PROMPT: Everything in the listing below has to be repeated exactly, except the pictures.

GIVEN DATA:
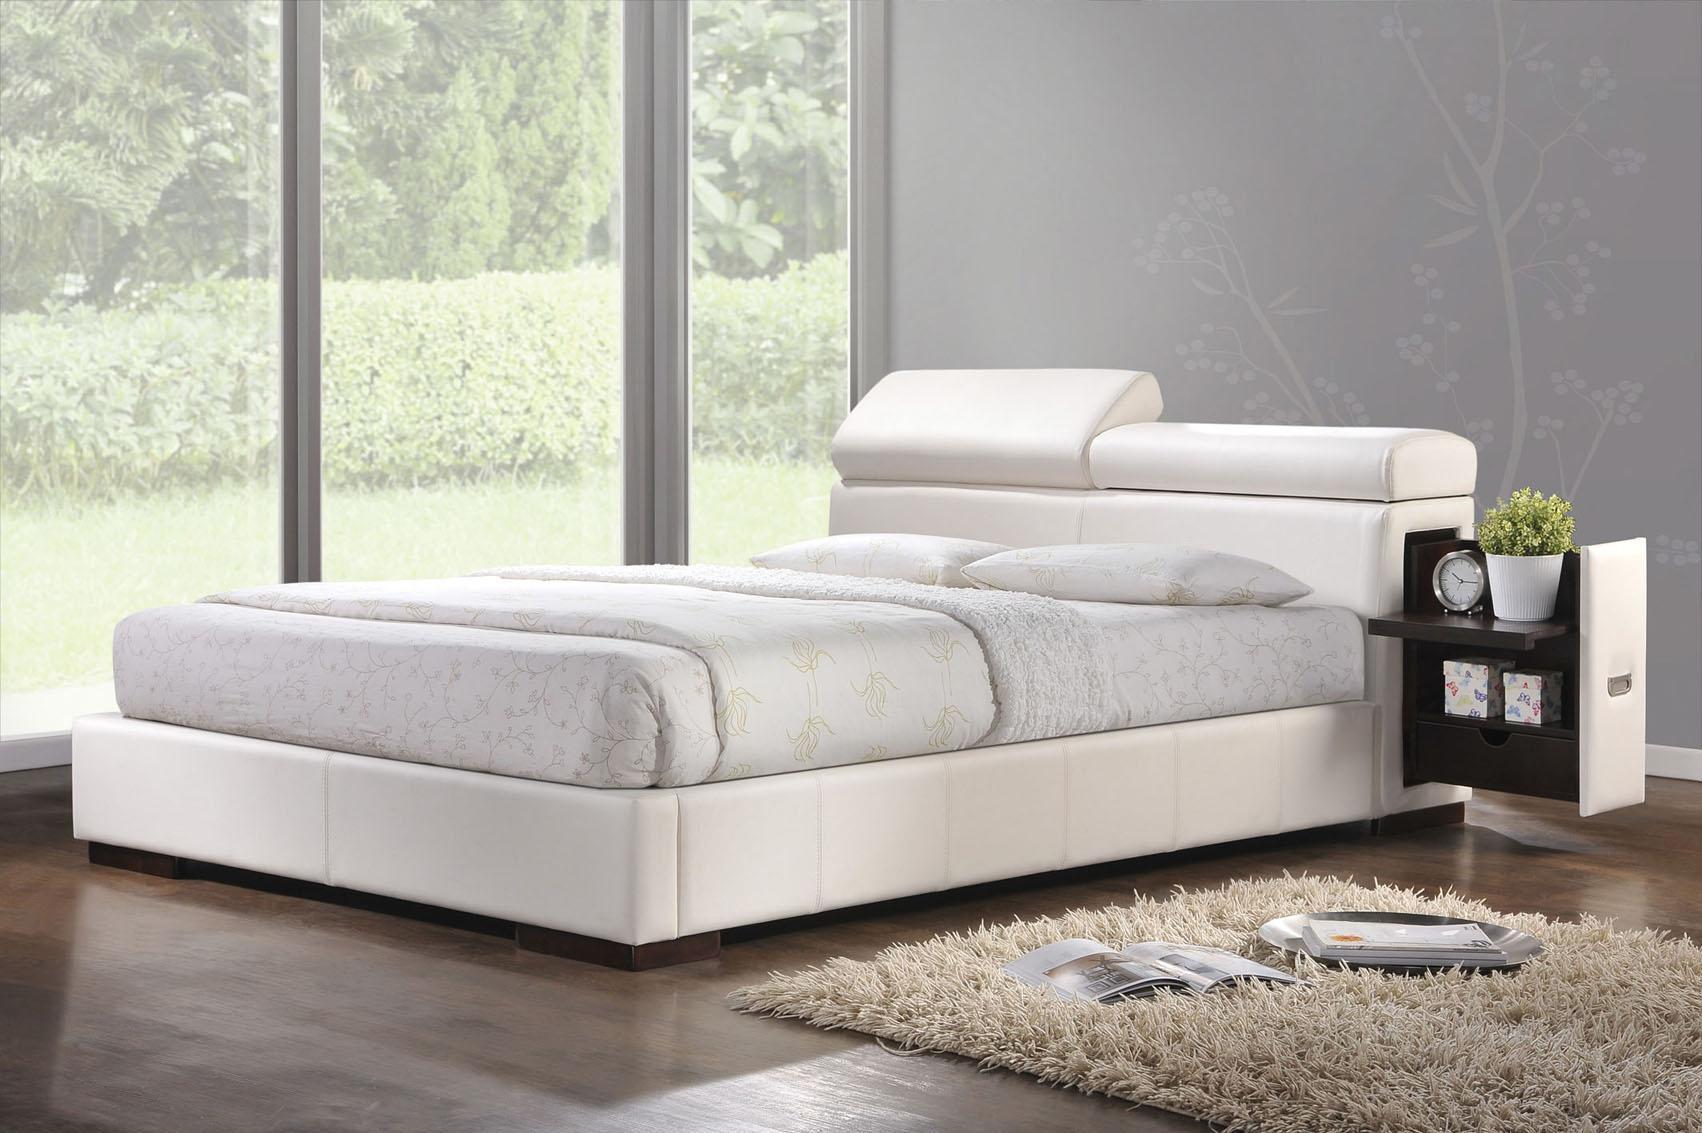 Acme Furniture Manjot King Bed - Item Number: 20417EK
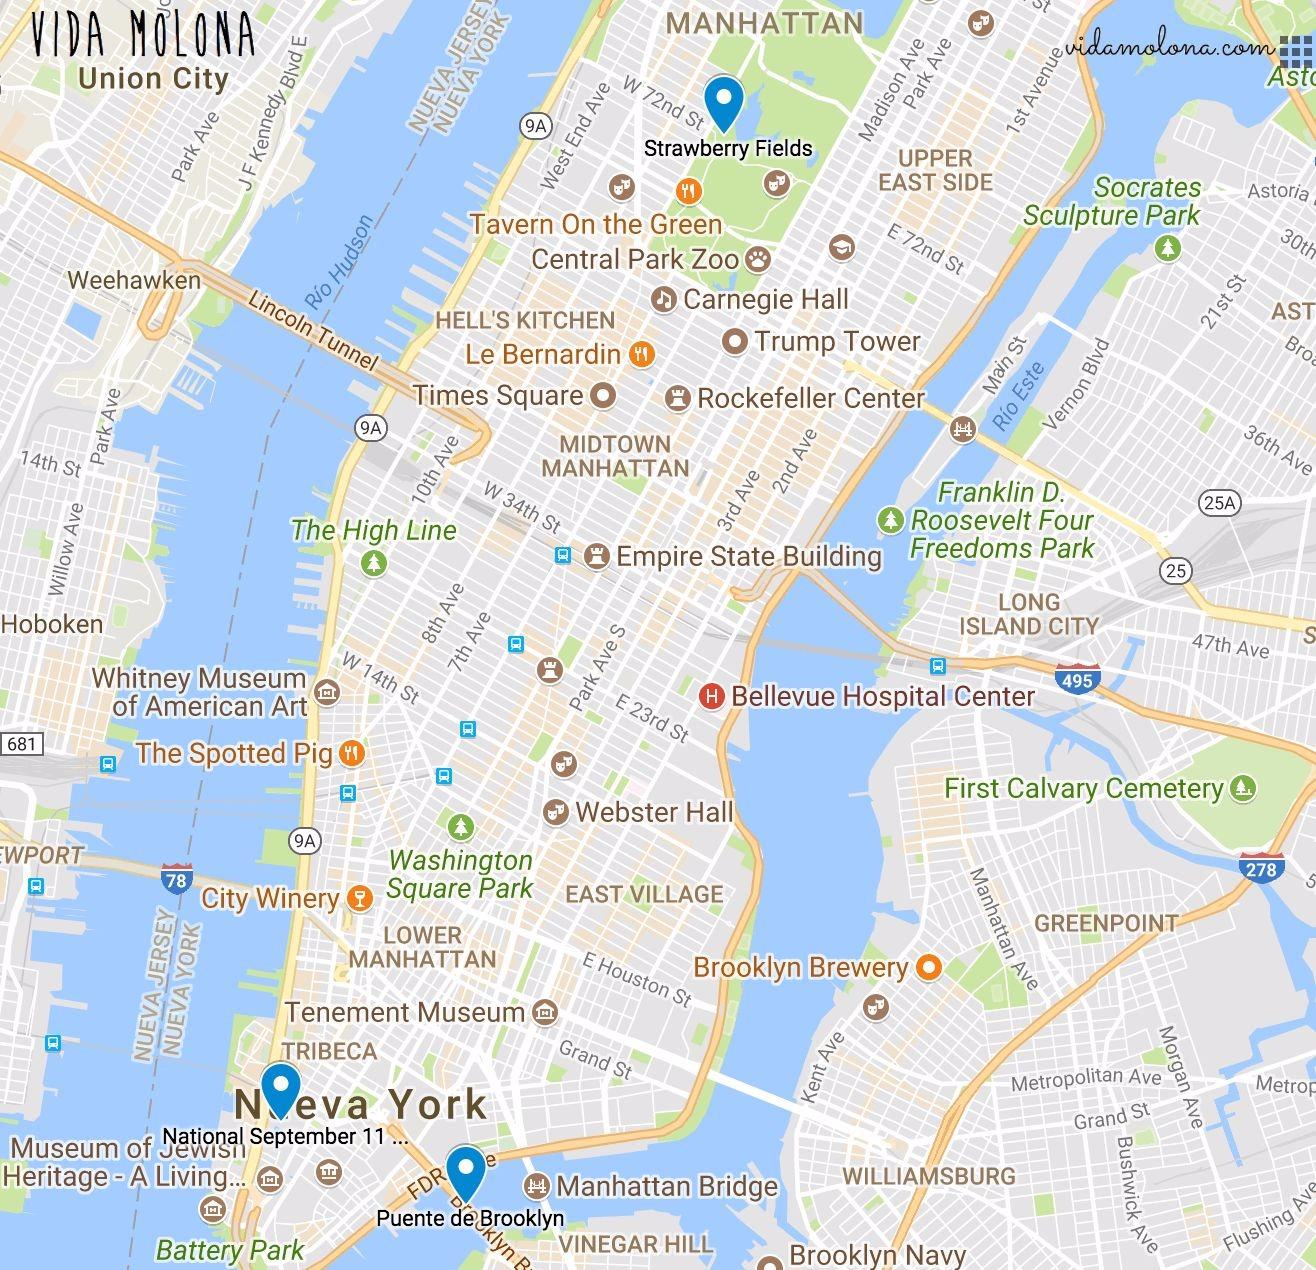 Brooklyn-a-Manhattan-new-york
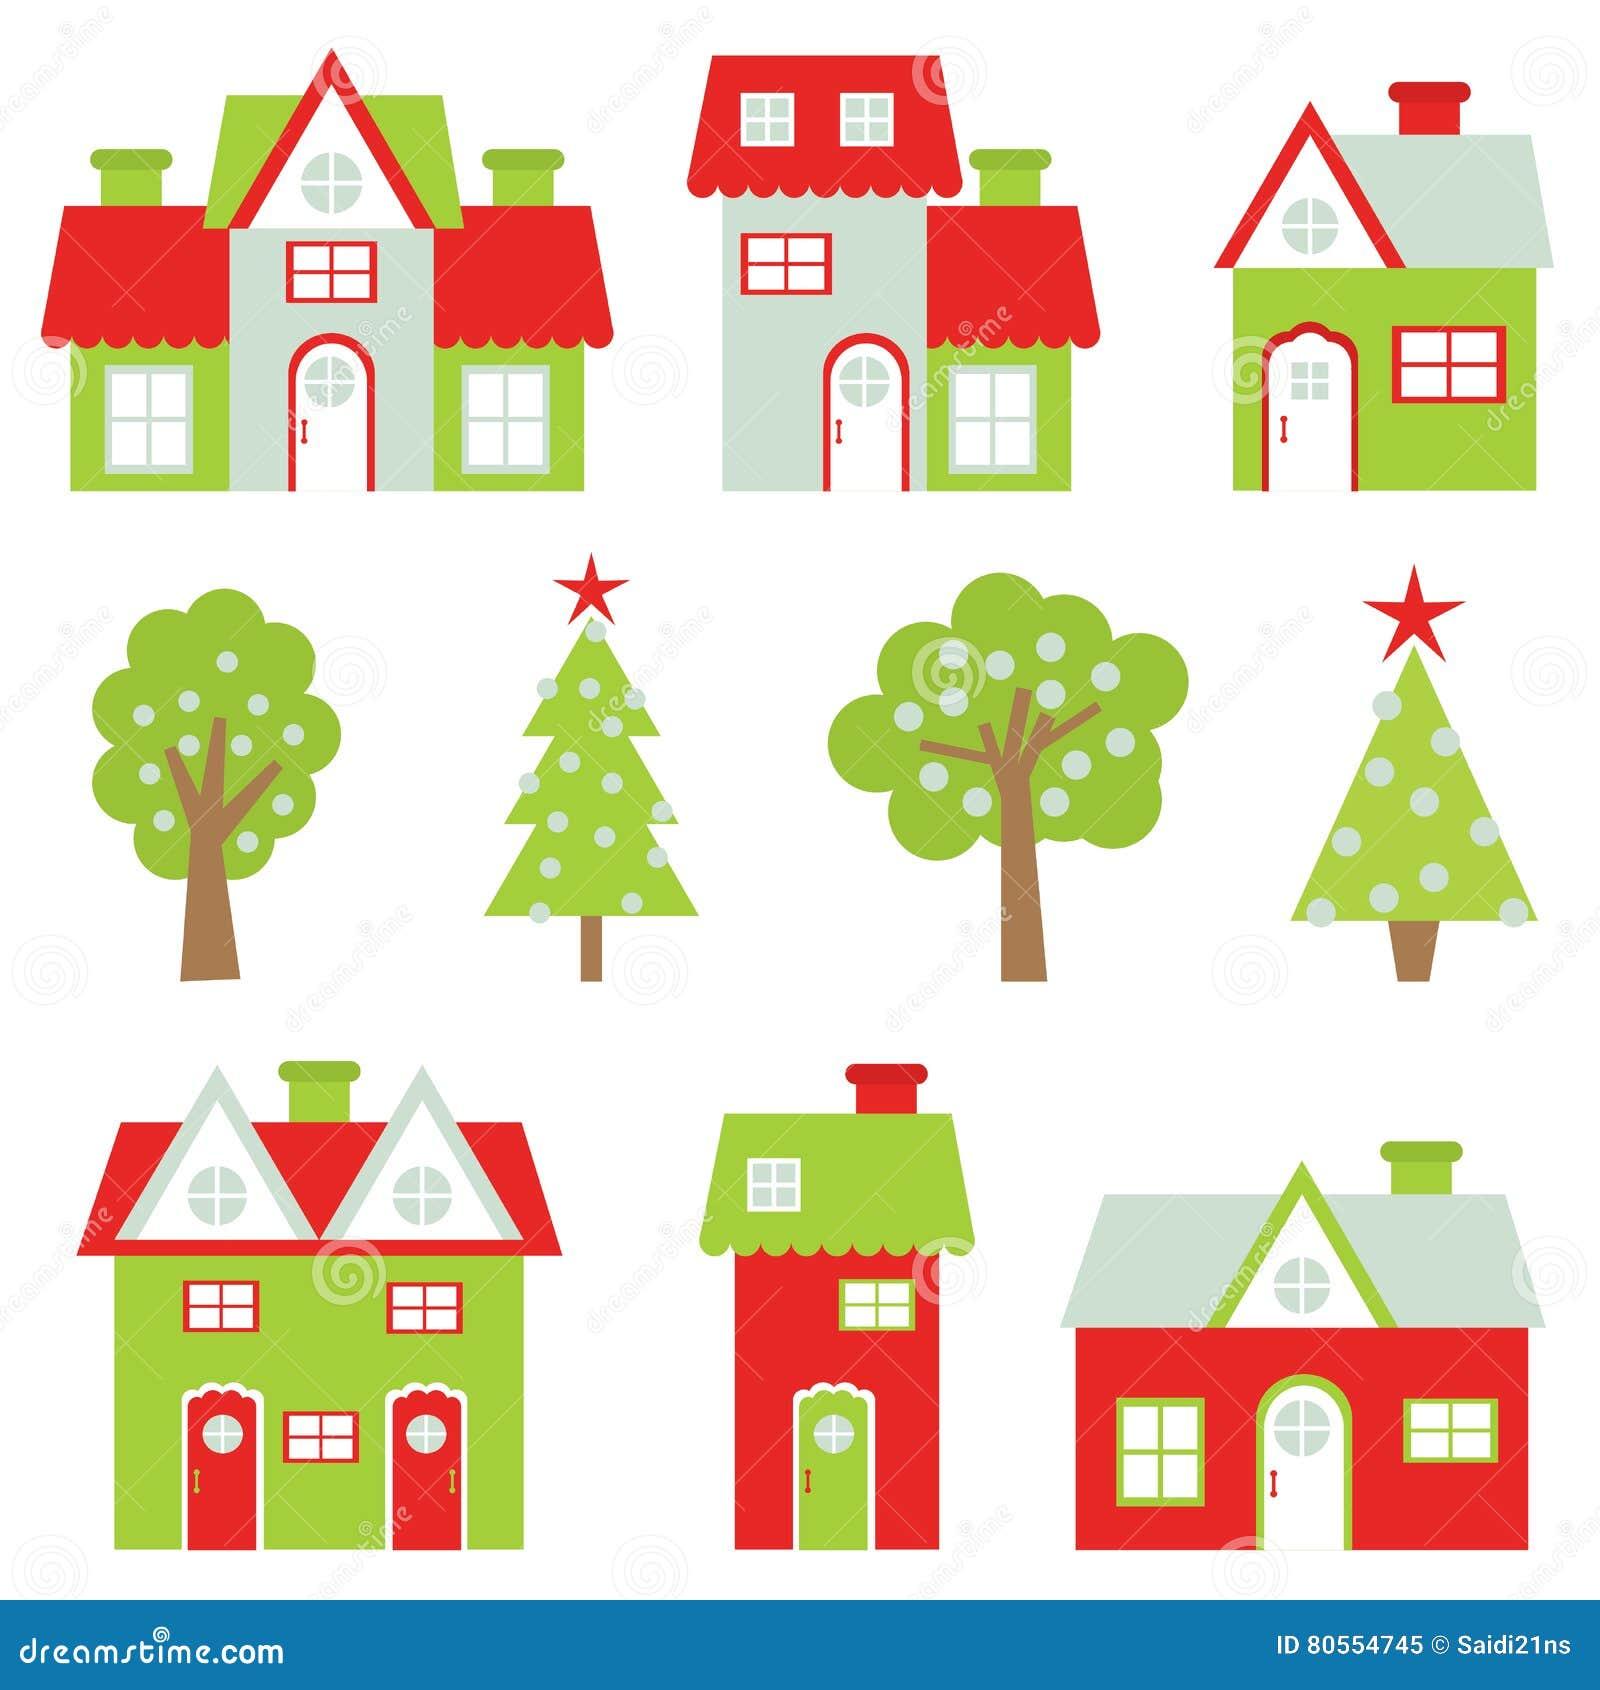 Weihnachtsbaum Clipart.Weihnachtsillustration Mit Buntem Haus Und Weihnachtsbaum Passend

SOLUTION FOR THIS PROBLEM:
 Acme Furniture Manjot King Bed - Item Number: 20417EK
 Brooklyn-a-Manhattan-new-york
 Weihnachtsbaum Clipart.Weihnachtsillustration Mit Buntem Haus Und Weihnachtsbaum Passend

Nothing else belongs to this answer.